Accounts of the construction of the Erechtheion (IG I³ 476). Acropolis Museum, Athens.[28]

The building accounts for the classical Erechtheion from 409–404 BC have survived, allowing an unusually secure dating of the construction of the temple.[29] Nevertheless, the question remains of when the building project was inaugurated. There is no primary evidence for when construction began; it is conjectured to be either the 430s[30] or in 421 during the Peace of Nikias.[31] The latter is broadly the consensus view, the rationale being that this lull in the long Peloponnesian War would have been the most convenient time to begin a major construction project and that there was a likely hiatus in building during the Sicilian disaster of 413.[32] Alternatively, dates as early as the mid-430s[33] and as late as 412 have been put forward.[34] Work seems to have ended in 406–405, and the last accounts were from 405–404, though some mouldings were never finished and some of the bosses of some stone blocks were not chiselled off.[35]

The names of the architect-overseers (episkopos), Philokles and Archilochos, have come down to us.[36] They worked on the site after 409. But the identity of the architect (architecton) is unknown. Several candidates have been suggested; namely, Mnesikles,[37] Kallikrates,[38] and Iktinos.[39]
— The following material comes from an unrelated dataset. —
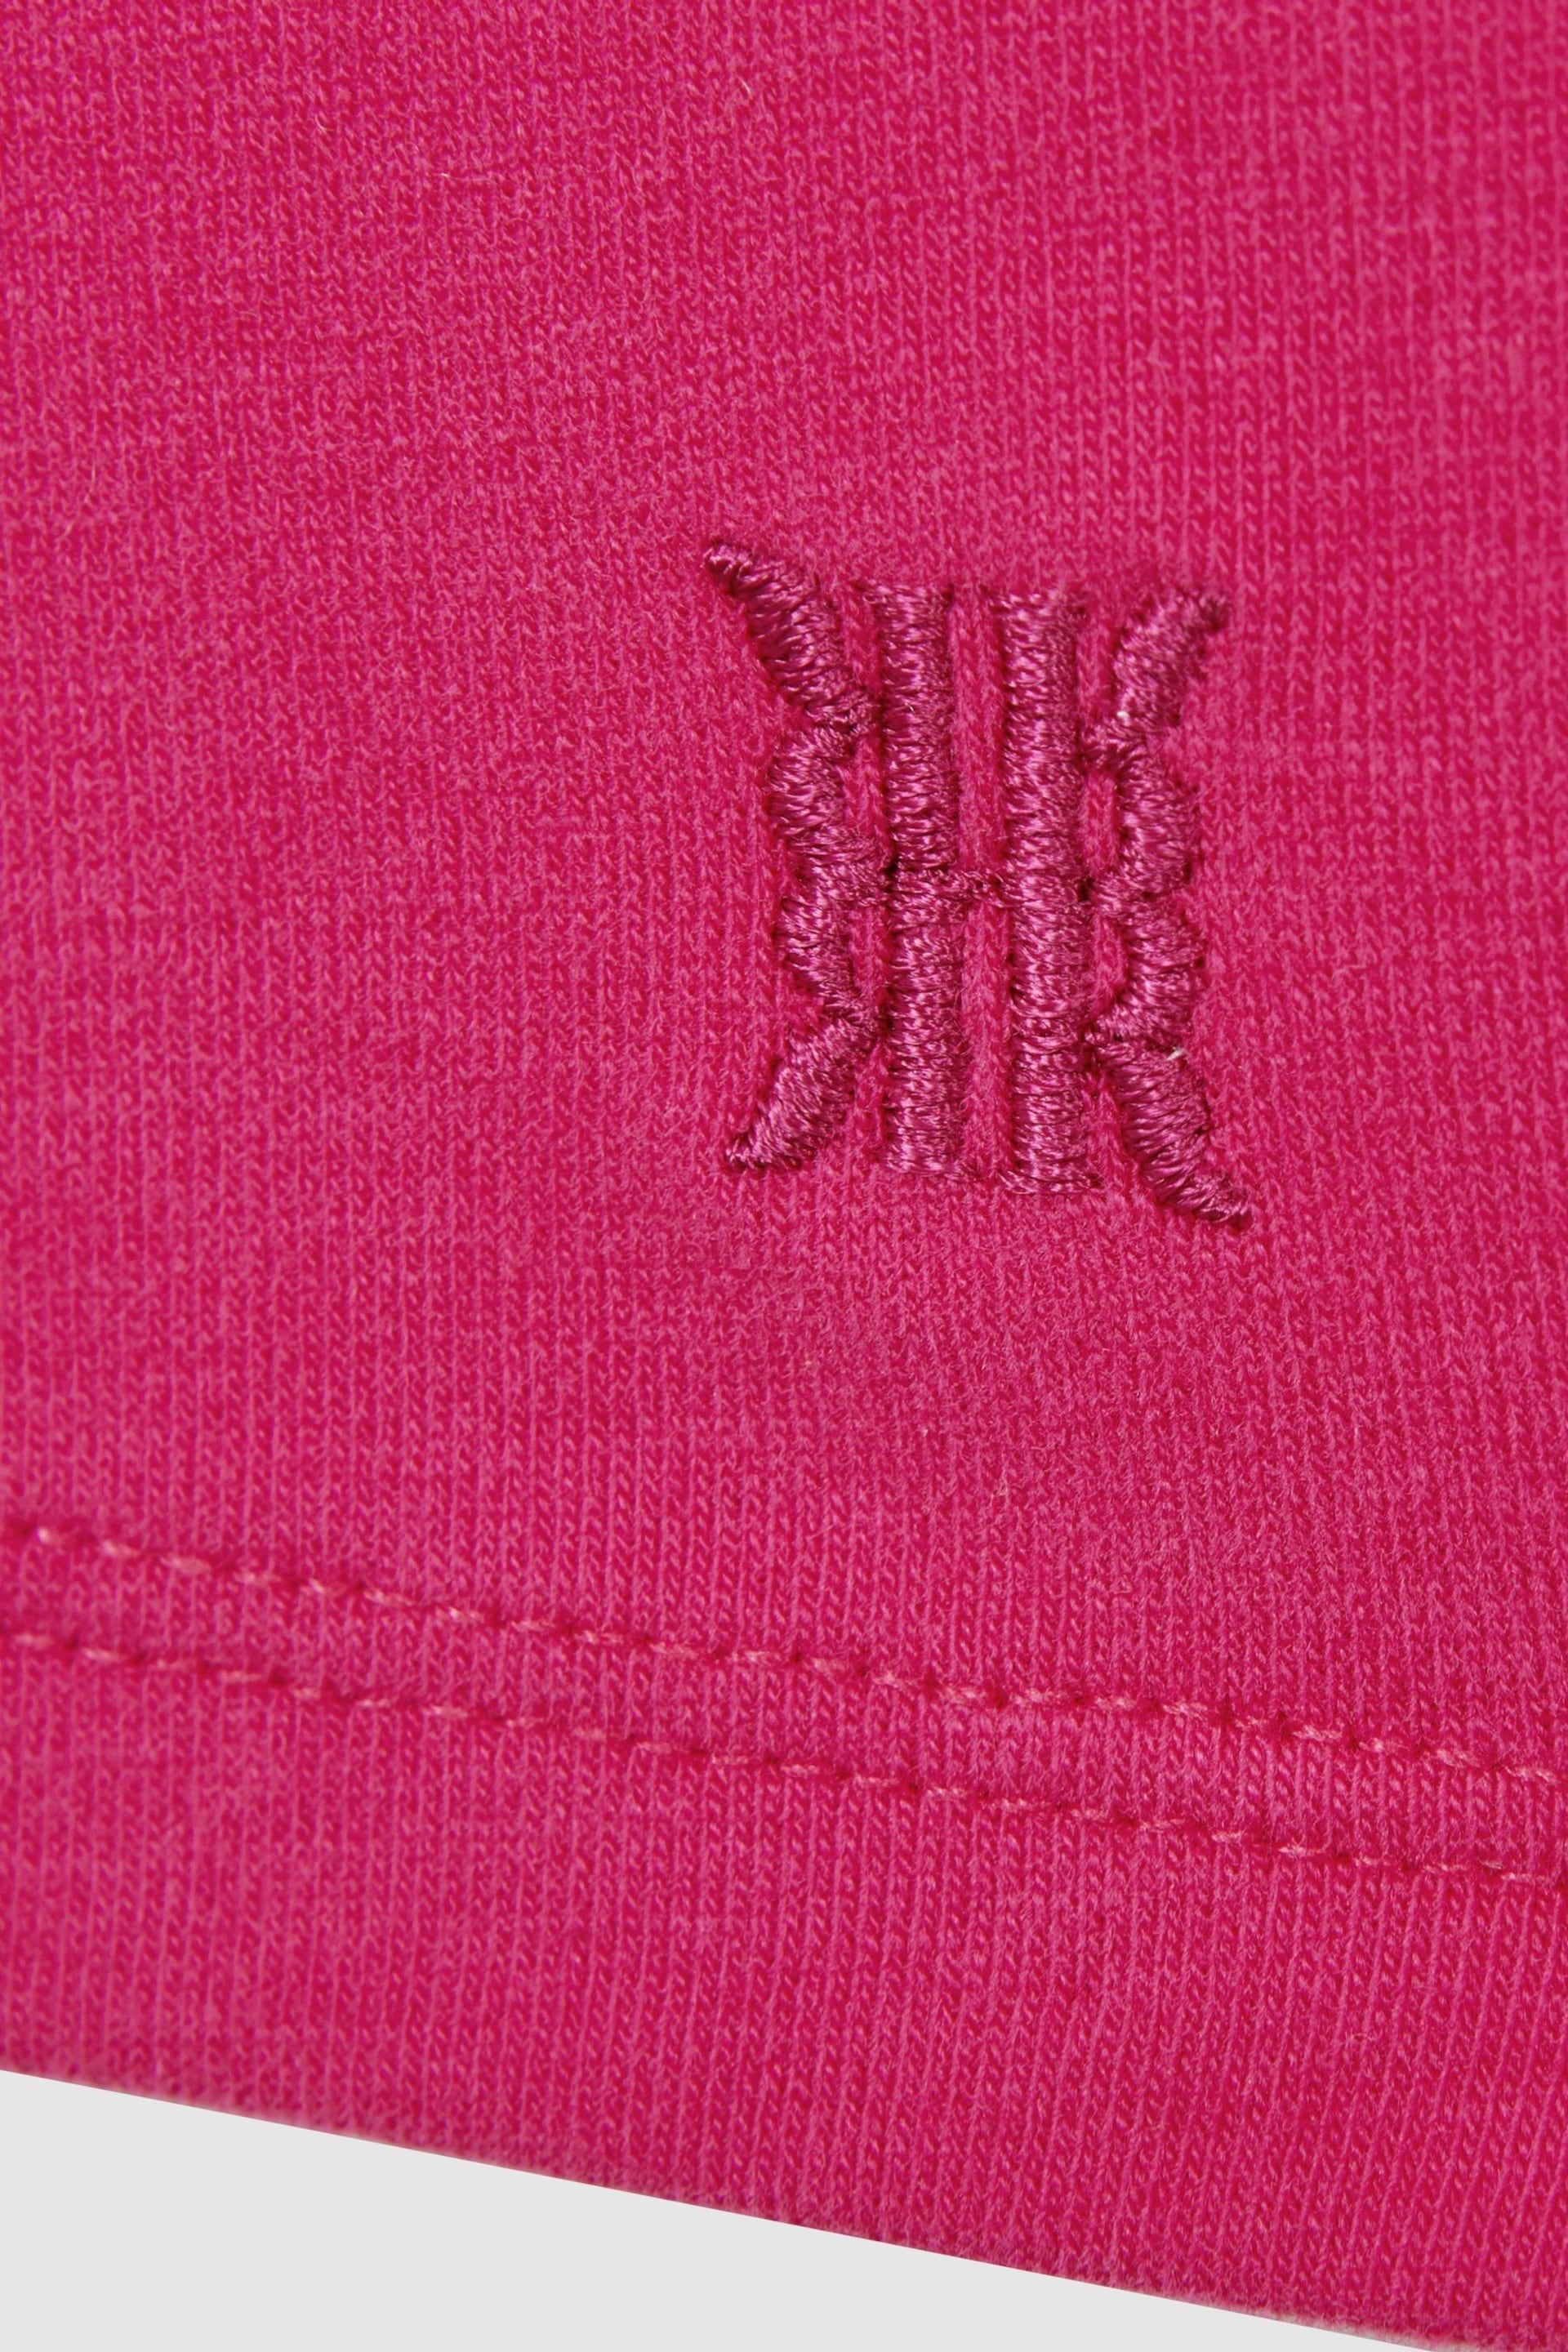 Reiss Bright Pink Carey Junior Cotton Blend Roll Neck Top - Image 5 of 5

The subsequent history of the building has been one of damage, restoration and change of use, which complicates the task of reconstructing the original structure. The first recorded fire that the classical building suffered was perhaps 377–376,[40] a second more severe fire took hold sometime in 1st century BC or earlier[41] followed by a campaign of repair. The Erechtheion along with the Parthenon suffered a further major destruction at some point in the 3rd or 4th century AD; whether this was due to Herulian or Visigoth attack or a natural disaster is unclear. Julian the Apostate undertook the reconstruction of the Parthenon as a pagan temple in circa AD 361 and 363, at which point the Parthenon was the only attested site of the cult of Athena on the Acropolis, implying that the Erechtheion had been abandoned.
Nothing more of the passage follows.